■ **Collection entries**
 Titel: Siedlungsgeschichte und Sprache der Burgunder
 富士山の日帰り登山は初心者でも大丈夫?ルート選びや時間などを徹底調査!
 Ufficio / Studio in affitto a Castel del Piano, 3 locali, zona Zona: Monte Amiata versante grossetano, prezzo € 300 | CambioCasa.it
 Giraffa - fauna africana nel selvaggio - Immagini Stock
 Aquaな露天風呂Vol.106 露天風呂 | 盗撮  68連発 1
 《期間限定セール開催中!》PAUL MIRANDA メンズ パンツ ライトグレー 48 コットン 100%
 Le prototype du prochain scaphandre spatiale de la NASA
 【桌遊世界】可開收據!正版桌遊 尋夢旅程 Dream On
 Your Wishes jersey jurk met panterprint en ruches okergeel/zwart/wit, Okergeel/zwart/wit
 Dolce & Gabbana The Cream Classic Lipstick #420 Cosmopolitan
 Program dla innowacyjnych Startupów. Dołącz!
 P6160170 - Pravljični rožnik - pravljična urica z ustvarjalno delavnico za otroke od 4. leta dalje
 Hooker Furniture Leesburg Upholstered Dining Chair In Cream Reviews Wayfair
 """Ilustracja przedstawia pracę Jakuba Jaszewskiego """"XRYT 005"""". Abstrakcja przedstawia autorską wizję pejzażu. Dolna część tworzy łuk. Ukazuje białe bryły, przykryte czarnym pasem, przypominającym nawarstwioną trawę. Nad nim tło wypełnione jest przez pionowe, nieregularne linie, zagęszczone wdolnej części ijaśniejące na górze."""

■ **YOUR GOAL**
Exactly the lines from the one that holds "Le prototype du" through the final line of the records above should be written out, and only those.

■ **ANSWER**
 Le prototype du prochain scaphandre spatiale de la NASA
 【桌遊世界】可開收據!正版桌遊 尋夢旅程 Dream On
 Your Wishes jersey jurk met panterprint en ruches okergeel/zwart/wit, Okergeel/zwart/wit
 Dolce & Gabbana The Cream Classic Lipstick #420 Cosmopolitan
 Program dla innowacyjnych Startupów. Dołącz!
 P6160170 - Pravljični rožnik - pravljična urica z ustvarjalno delavnico za otroke od 4. leta dalje
 Hooker Furniture Leesburg Upholstered Dining Chair In Cream Reviews Wayfair
 """Ilustracja przedstawia pracę Jakuba Jaszewskiego """"XRYT 005"""". Abstrakcja przedstawia autorską wizję pejzażu. Dolna część tworzy łuk. Ukazuje białe bryły, przykryte czarnym pasem, przypominającym nawarstwioną trawę. Nad nim tło wypełnione jest przez pionowe, nieregularne linie, zagęszczone wdolnej części ijaśniejące na górze."""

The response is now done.